*Your task*
Once you find the line below that has "Лента клеящая Момент", output it and every line after it exactly, stopping after the line that has "NIKE JORDAN 大型雙肩包 JD2113010AD-001 - 紅黑白", with no pictures.

*Source data*
....................
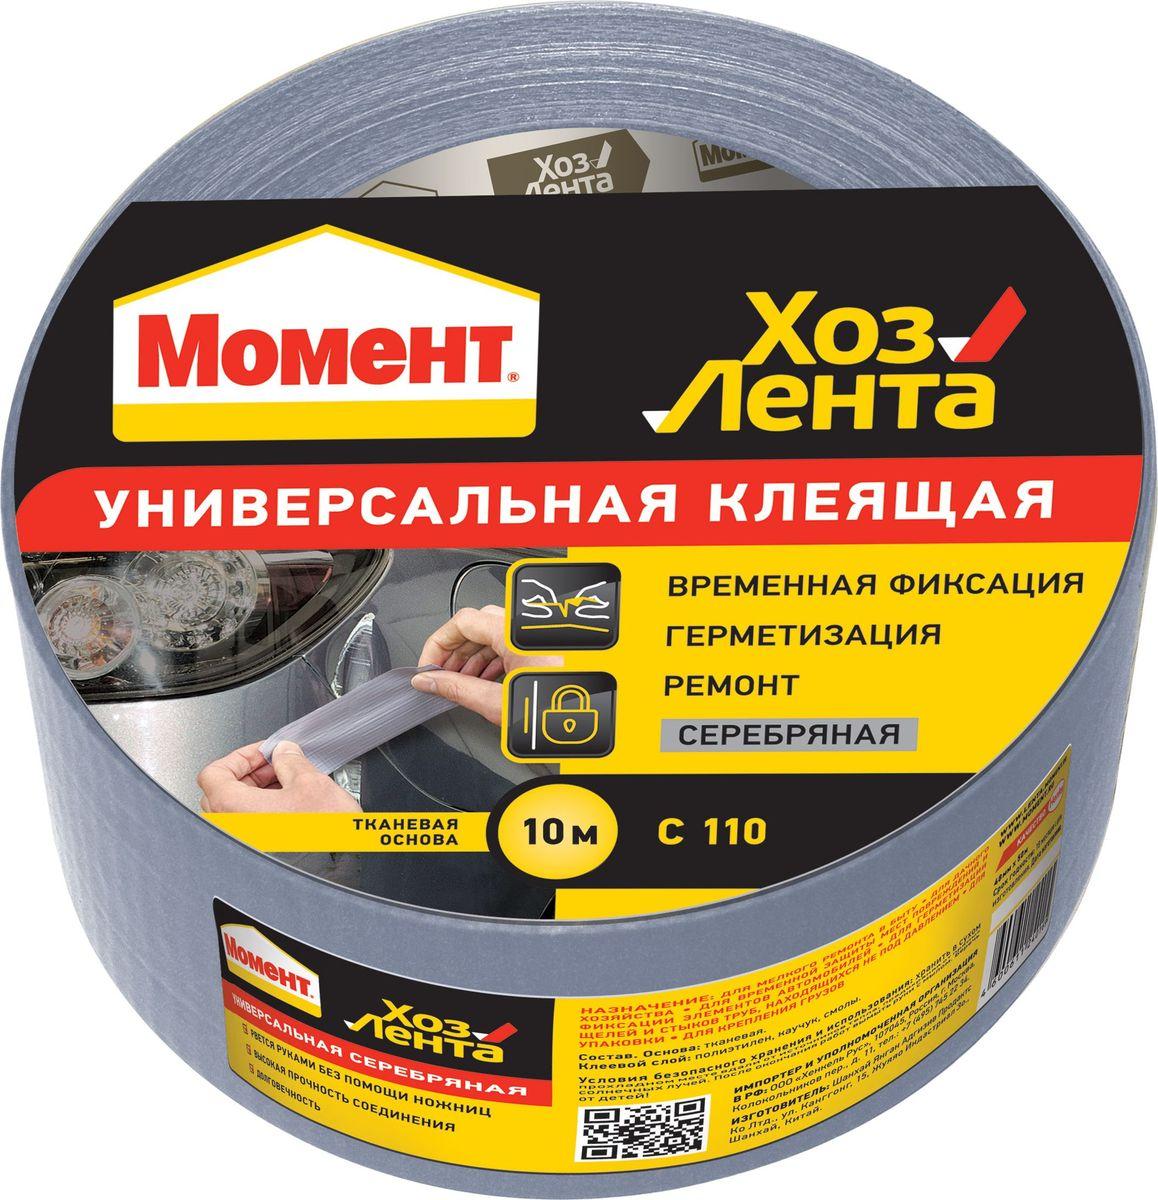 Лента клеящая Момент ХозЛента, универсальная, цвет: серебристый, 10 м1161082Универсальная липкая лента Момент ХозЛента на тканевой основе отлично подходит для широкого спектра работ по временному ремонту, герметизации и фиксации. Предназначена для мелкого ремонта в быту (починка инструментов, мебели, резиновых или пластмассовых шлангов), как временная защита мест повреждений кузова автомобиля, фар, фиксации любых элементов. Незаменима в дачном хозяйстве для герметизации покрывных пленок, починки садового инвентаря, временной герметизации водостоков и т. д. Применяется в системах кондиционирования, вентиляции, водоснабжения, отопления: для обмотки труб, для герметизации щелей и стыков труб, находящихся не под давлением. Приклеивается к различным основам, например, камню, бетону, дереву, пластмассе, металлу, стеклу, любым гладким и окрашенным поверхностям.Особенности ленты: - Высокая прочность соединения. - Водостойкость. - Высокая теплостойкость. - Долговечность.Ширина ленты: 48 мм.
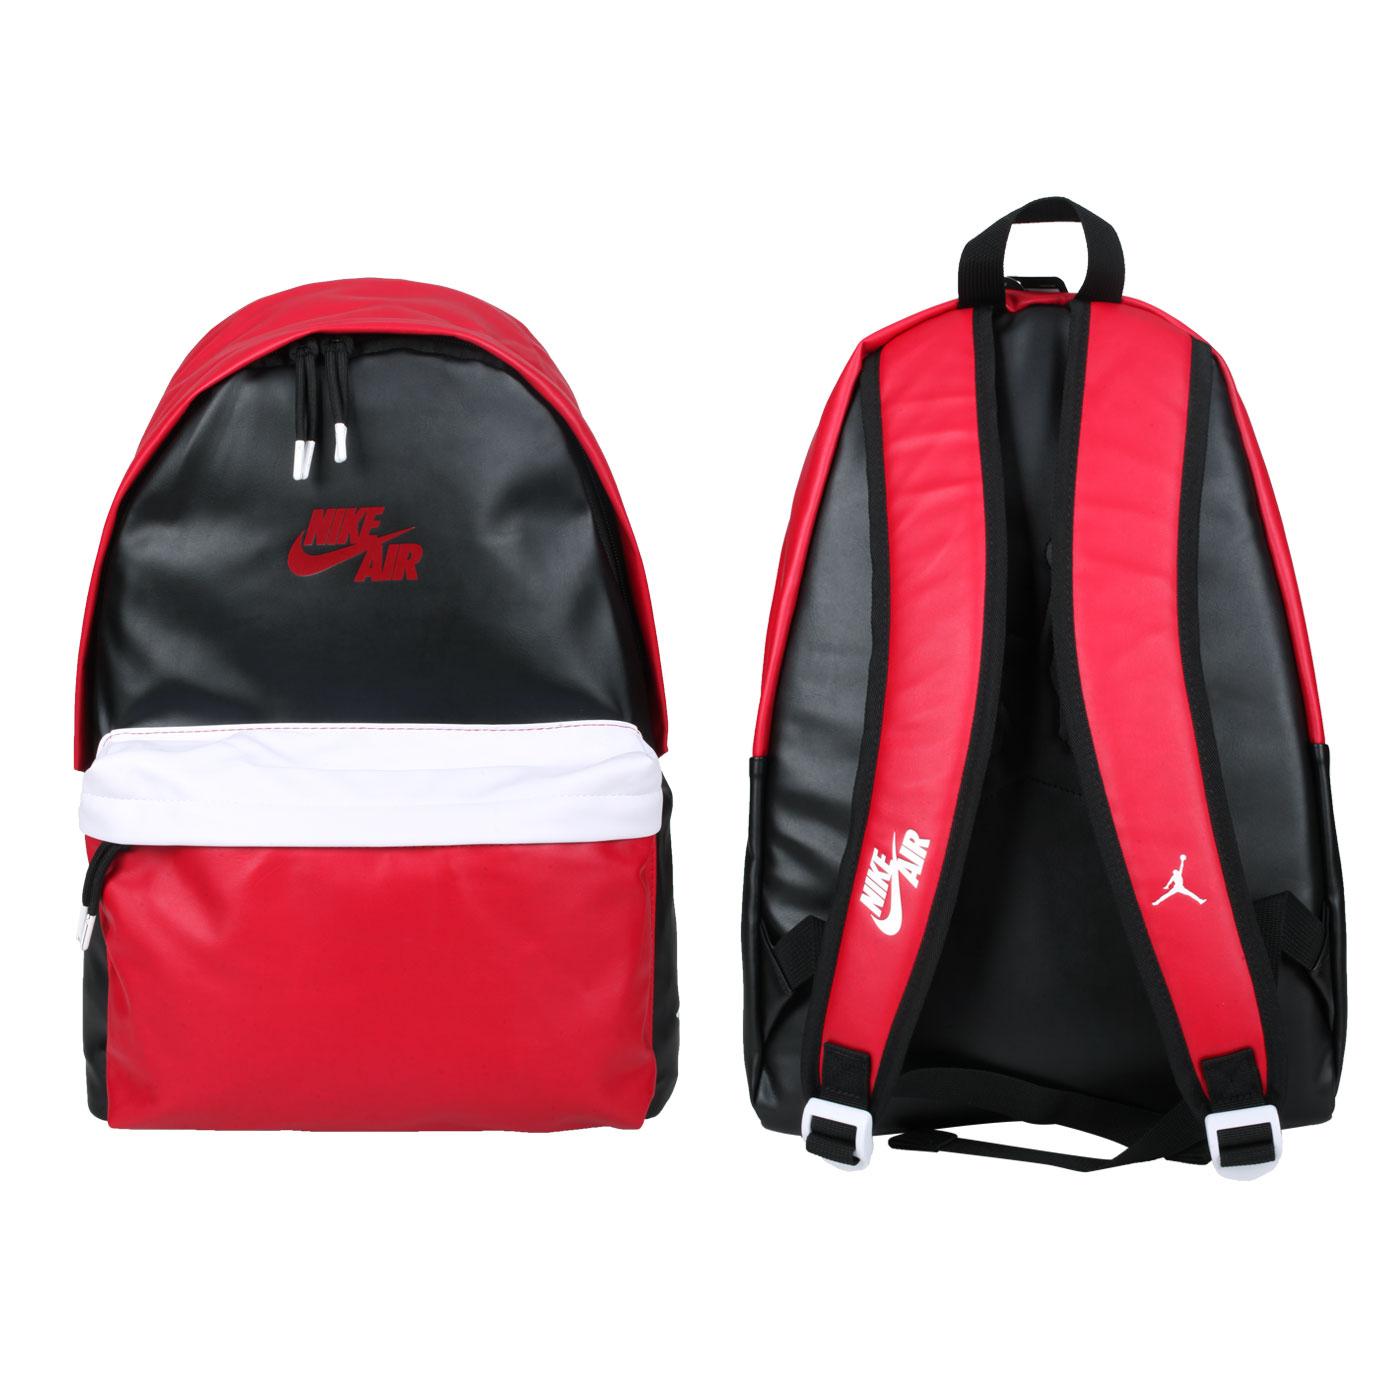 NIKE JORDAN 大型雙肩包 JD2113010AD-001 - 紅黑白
....................
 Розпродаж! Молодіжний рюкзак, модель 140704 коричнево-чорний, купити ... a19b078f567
....................
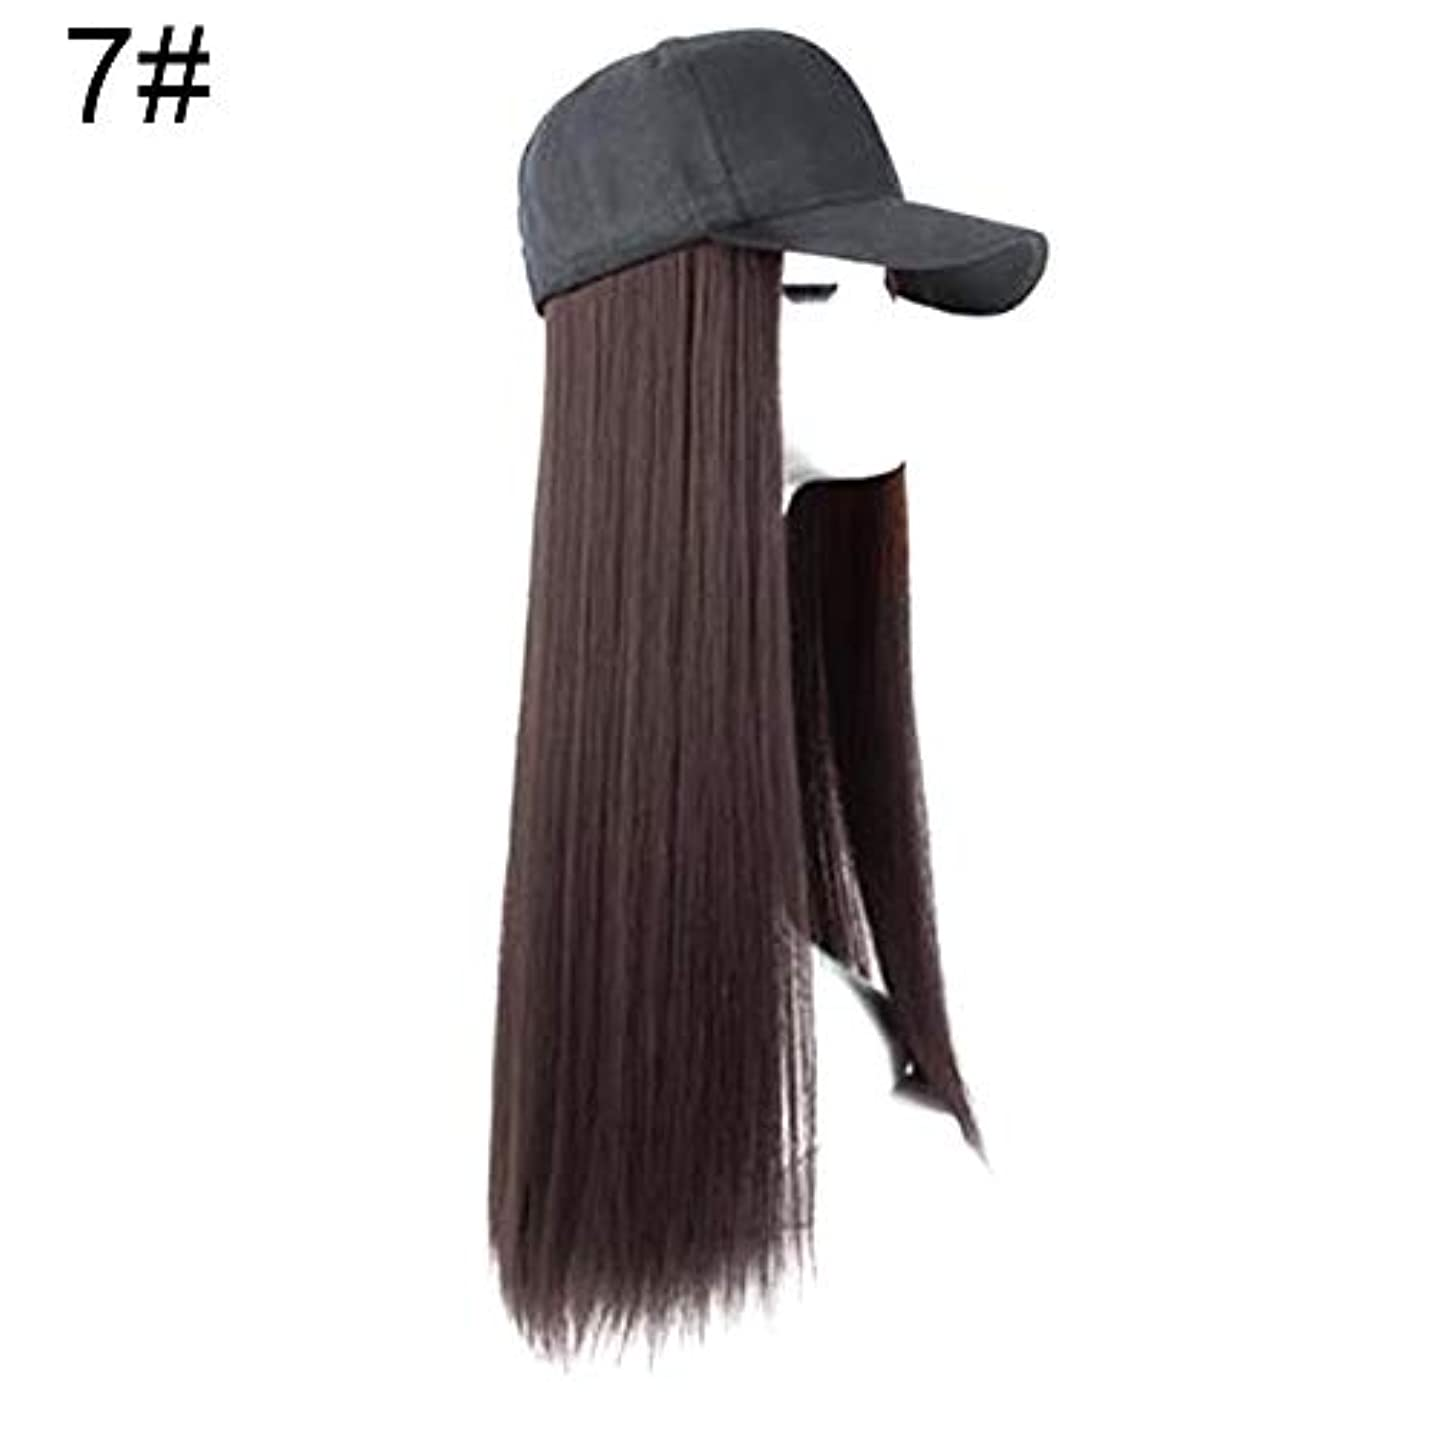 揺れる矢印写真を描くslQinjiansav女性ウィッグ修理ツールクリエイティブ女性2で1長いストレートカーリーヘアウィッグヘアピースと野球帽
....................
*Reply*
 Лента клеящая Момент ХозЛента, универсальная, цвет: серебристый, 10 м1161082Универсальная липкая лента Момент ХозЛента на тканевой основе отлично подходит для широкого спектра работ по временному ремонту, герметизации и фиксации. Предназначена для мелкого ремонта в быту (починка инструментов, мебели, резиновых или пластмассовых шлангов), как временная защита мест повреждений кузова автомобиля, фар, фиксации любых элементов. Незаменима в дачном хозяйстве для герметизации покрывных пленок, починки садового инвентаря, временной герметизации водостоков и т. д. Применяется в системах кондиционирования, вентиляции, водоснабжения, отопления: для обмотки труб, для герметизации щелей и стыков труб, находящихся не под давлением. Приклеивается к различным основам, например, камню, бетону, дереву, пластмассе, металлу, стеклу, любым гладким и окрашенным поверхностям.Особенности ленты: - Высокая прочность соединения. - Водостойкость. - Высокая теплостойкость. - Долговечность.Ширина ленты: 48 мм.
 NIKE JORDAN 大型雙肩包 JD2113010AD-001 - 紅黑白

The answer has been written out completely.